そして二つ目の「ファスナーは増える」ということについてです。世は諸行無常、つまり、変わらないものはないので、人間は成長し、変化していきます。言い換えると、「ファスナーが増えていく」ということになります。生まれた当初は「お父さん、お母さんといる時の自分」が入るファスナーしかなかったのに、サッカーのチームや小学校、中学校や高校などのコミュニティに属してしまえば、「新しい自分」、つまり新たなファスナーは一気に増えます。私たちの背中のファスナーは人生を重ねるほど増えていくのです。ここで私が皆様に考えていただきたいのは、「昔のファスナーは開けられるようにしておいた方が良いのではないか?」ということです。より具体的にいうと「昔の自分は、忘れないほうが良いのではないか?」ということです。人間関係を例に挙げると、仲がいい人に対して、接し方が雑になっている人を見かけることがあります。言葉遣いが良くなかったり、約束をドタキャンしたり、遅刻が増えてしまったり...などです。確かに、仲良くよなって時間が経つと、その関係性に慣れて(馴れて)しまってマンネリ化し、出会った時のような「丁寧さ」が欠けてしまいます。また、サッカーにも同じようなことが言えます。私はサッカーが小さな頃から大好きですが、サッカーをするのに慣れて(馴れて)しまって、正直、朝早くの集合に嫌気がさしてしまうことがあります。「サッカーが大好きな自分」が入っていたファスナーが閉じ、「ただの日課としてサッカーをする自分」がファスナーから身を乗り出している状態です。こんな状態では何事もうまくいきません。先ほども申し上げましたが、人間は変わっていくものです。重要なのは、変わる前の自分を忘れないことであると私は考えます。「初心忘るべからず」という言葉があるように、未熟であった最初の頃の志を忘れずに、向上心を持って過ごす(プレーする)ことが、人間関係やサッカーを上手に進めていく上で、必要不可欠ではないでしょうか。私はそう思います。「閉じるべきファスナー」があれば、「開けるべきファスナー」もある、ということですね。
 今回の話をまとめると、私たちの背中には、たくさんのファスナーがついています。怒りや悲しみで自分を見失いそうなときは、そのファスナーを閉じればいい。しかし、昔の情熱や初心を忘れてしまったときは、もう一度そのファスナーを開ければいい。人生に必要なのは、すべてのファスナーを開けっ放しにすることでも、すべてを閉じてしまうことでもなく、どのファスナーを閉じ、どのファスナーを開けるべきなのかを、自分で考えることなのだと私は思います。皆さんの背中には、今いくつのファスナーがついているでしょうか。そして、その中には、閉じたままになっている「昔の自分」がいないでしょうか。もし心当たりがあるなら、たまにはそのファスナーを開けてみてもいいのかもしれませんね。長くなってしまったので、今回はここで終わりにします。
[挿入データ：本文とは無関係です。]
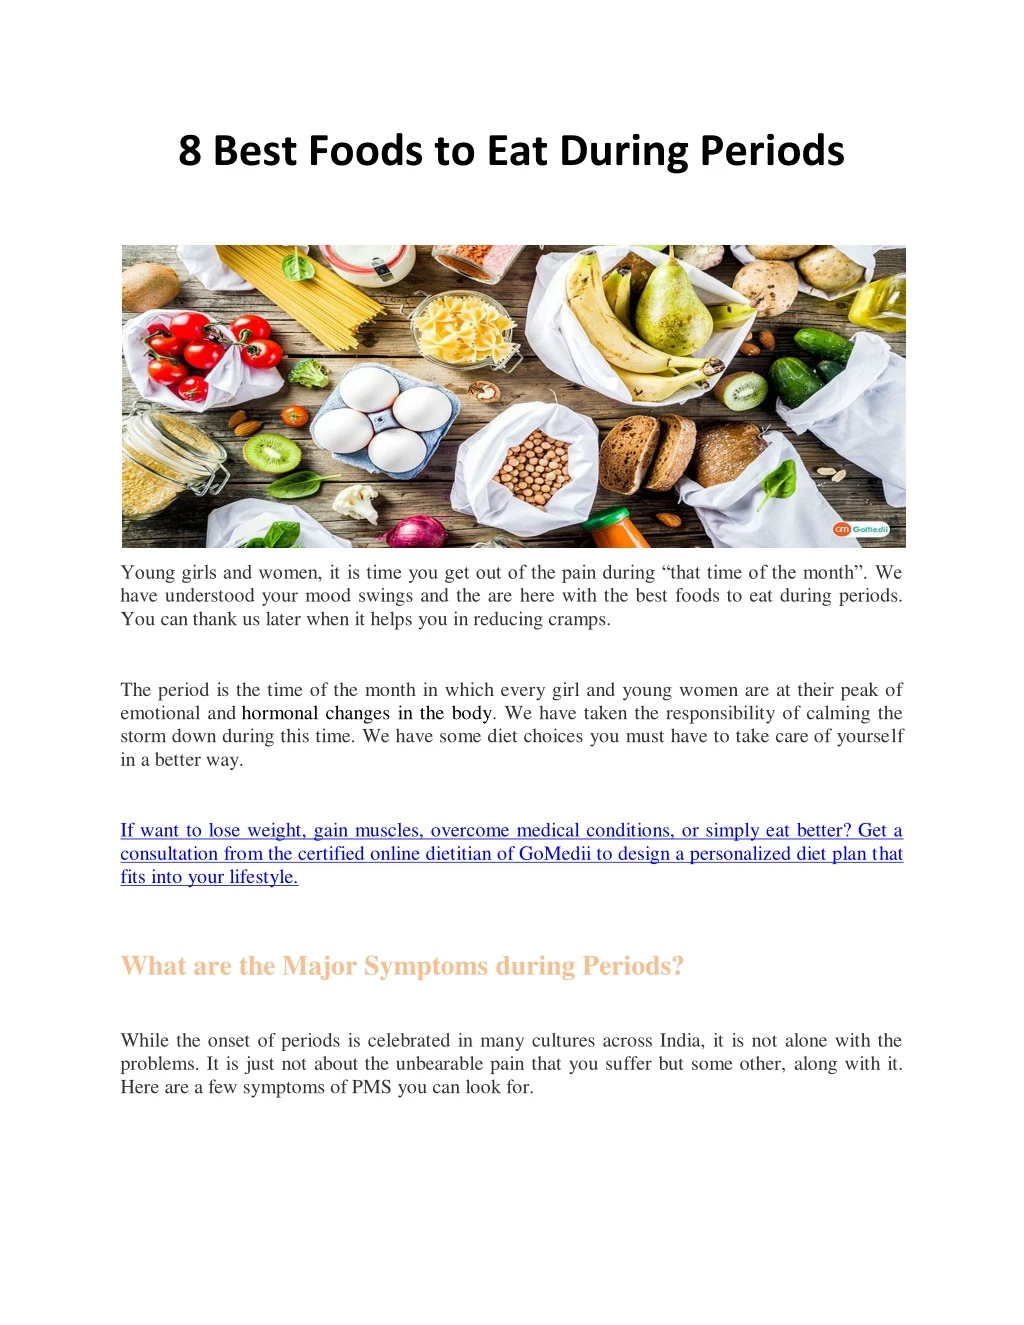 8 best foods to eat during periods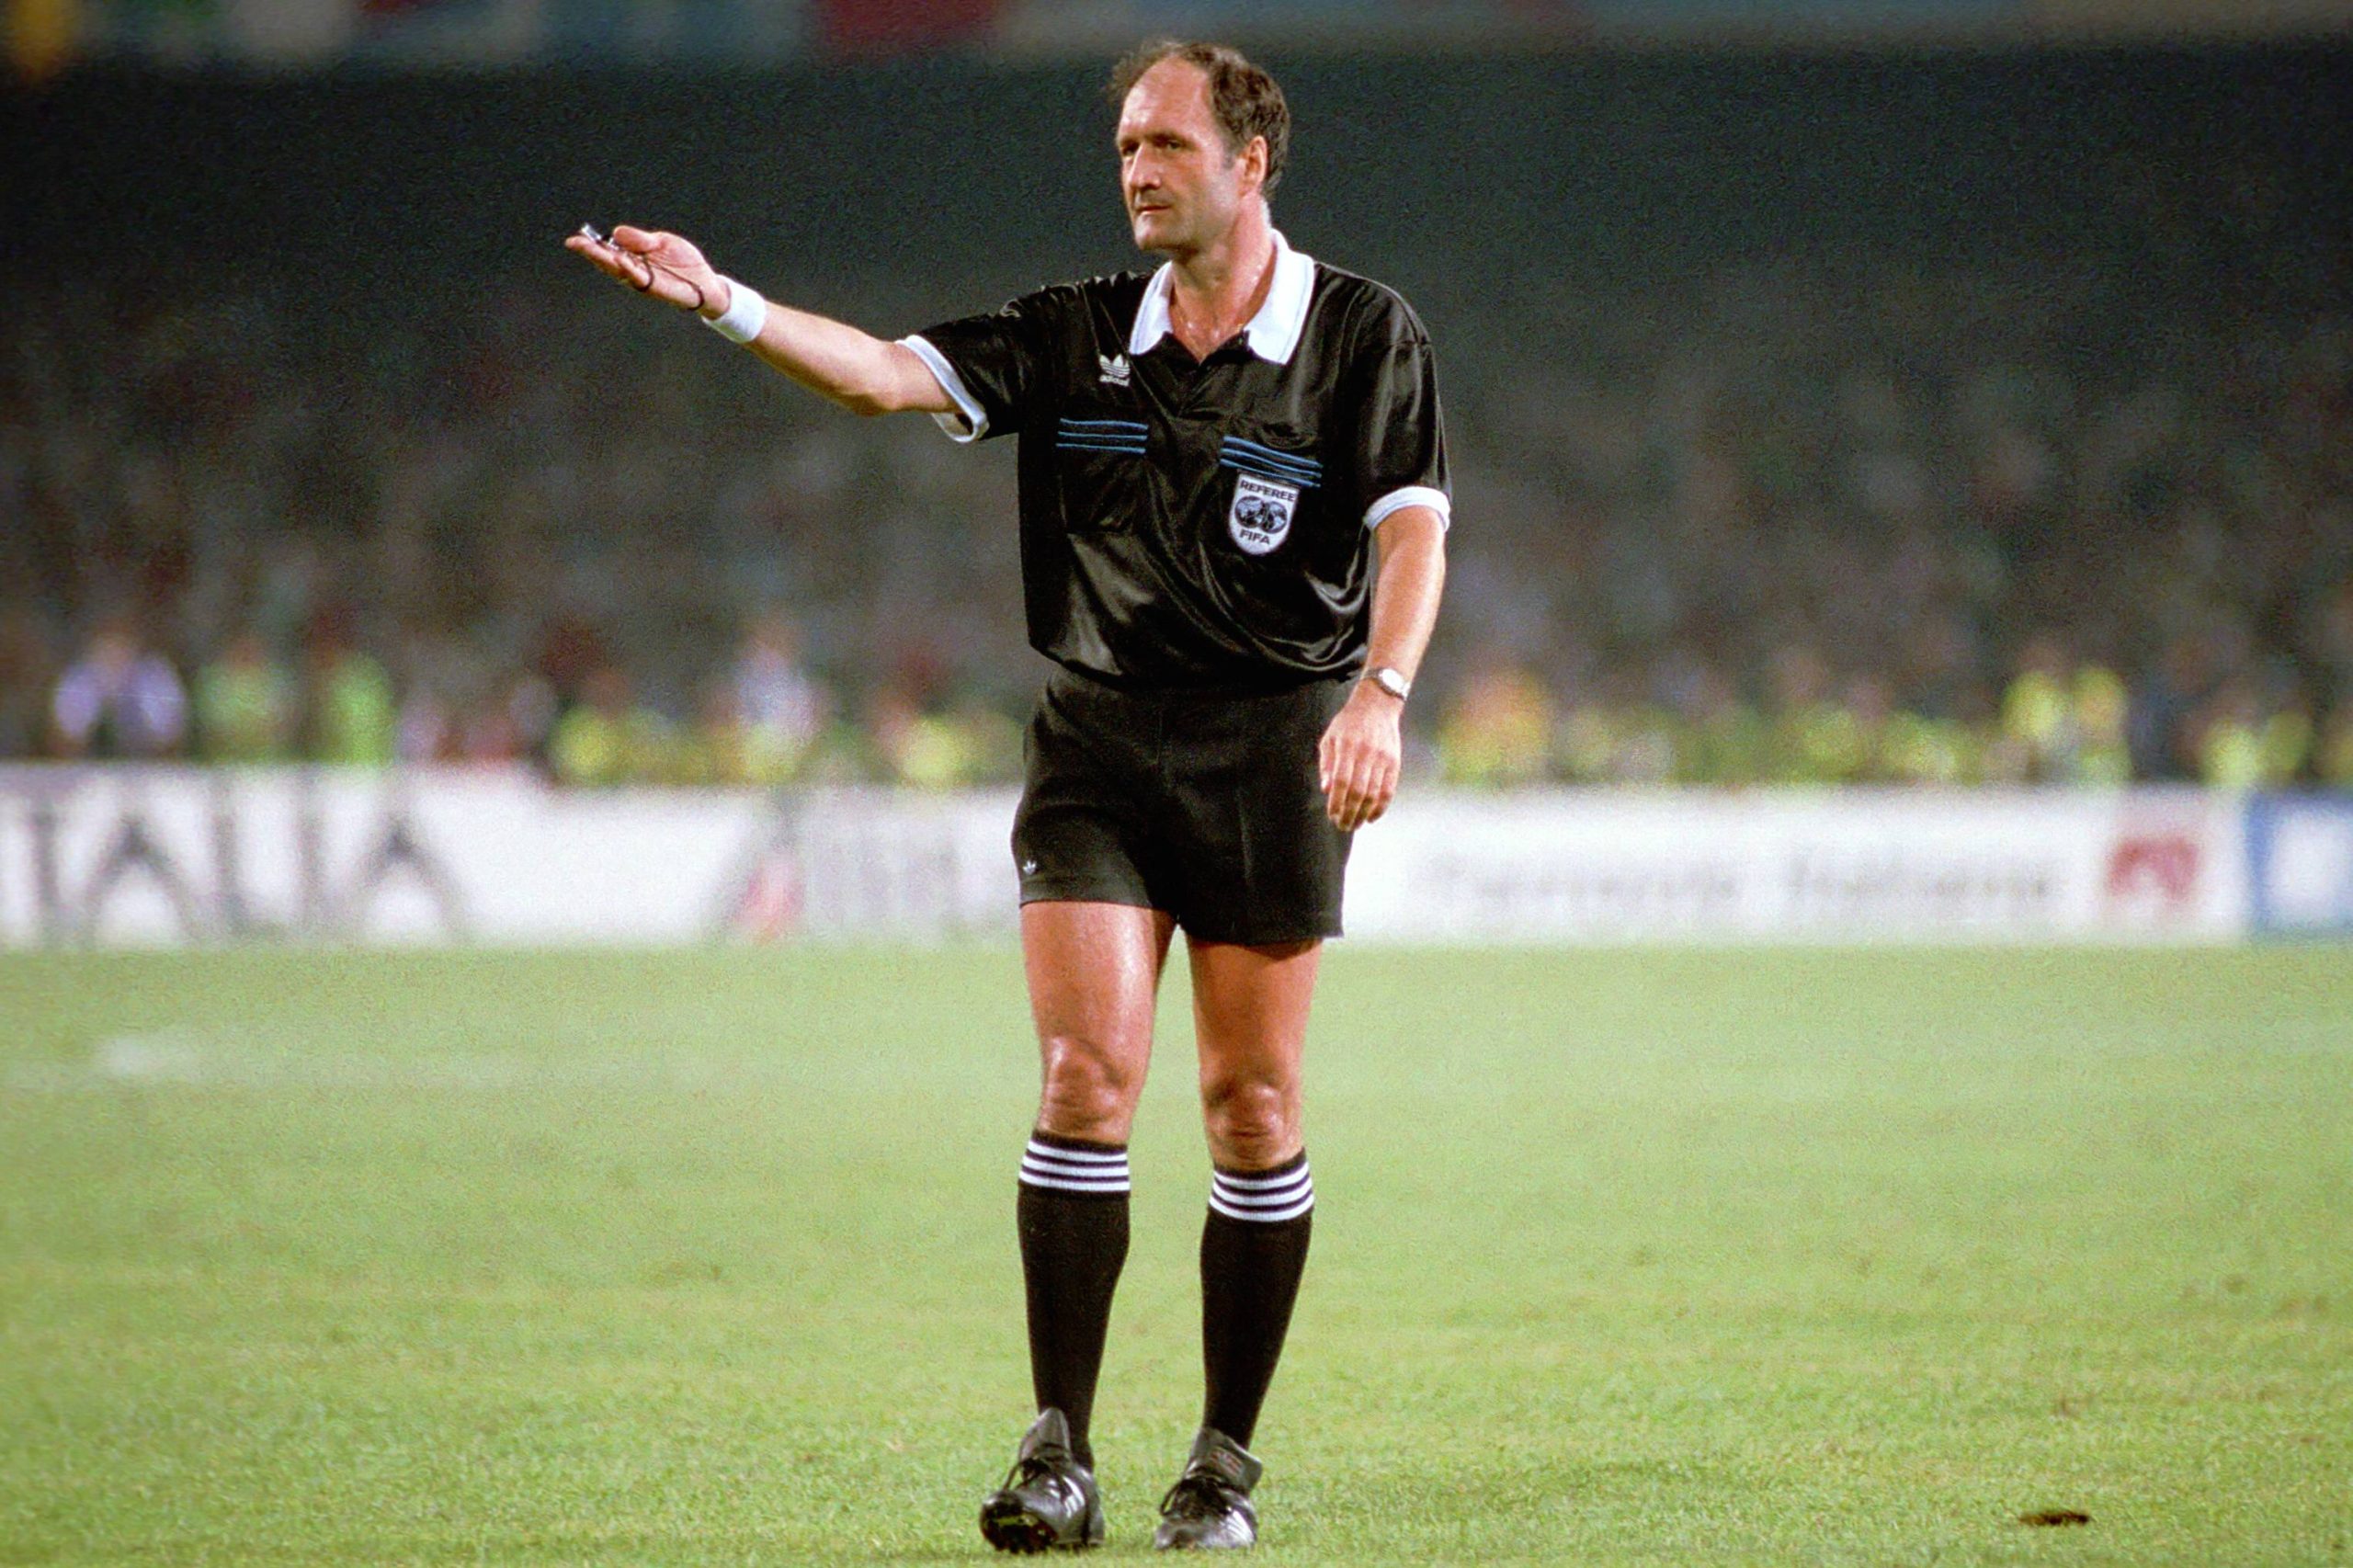 Michel Vautrot is one of the best football referees of all timeMichel Vautrot is one of the best football referees of all time

次回のブログは、キレのあるドリブルが持ち味の、キレの選手、金子隼大です。彼とはいつも練習後に食事に行くような仲ですが、話が非常に面白いです。キレのある秀逸なブログを見せてくれるはずですので、大きな期待を胸に、彼の、’’キレのブログ’’ を心待ちにしましょう。
最後までお読みいただき、誠にありがとうございました。